Exercise brief =>
Give again, exactly, every line of the entries below from the one that has "Funded CBOs and" to the last.
(Working data)
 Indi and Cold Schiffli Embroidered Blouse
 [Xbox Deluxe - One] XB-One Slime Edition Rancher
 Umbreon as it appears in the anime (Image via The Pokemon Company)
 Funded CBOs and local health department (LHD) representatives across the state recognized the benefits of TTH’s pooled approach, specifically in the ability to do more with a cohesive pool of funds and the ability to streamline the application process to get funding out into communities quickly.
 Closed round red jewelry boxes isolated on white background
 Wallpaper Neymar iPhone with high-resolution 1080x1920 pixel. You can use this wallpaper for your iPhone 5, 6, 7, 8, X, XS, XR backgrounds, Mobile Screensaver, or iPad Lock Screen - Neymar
(End Working data)
Exercise response =>
 Funded CBOs and local health department (LHD) representatives across the state recognized the benefits of TTH’s pooled approach, specifically in the ability to do more with a cohesive pool of funds and the ability to streamline the application process to get funding out into communities quickly.
 Closed round red jewelry boxes isolated on white background
 Wallpaper Neymar iPhone with high-resolution 1080x1920 pixel. You can use this wallpaper for your iPhone 5, 6, 7, 8, X, XS, XR backgrounds, Mobile Screensaver, or iPad Lock Screen - Neymar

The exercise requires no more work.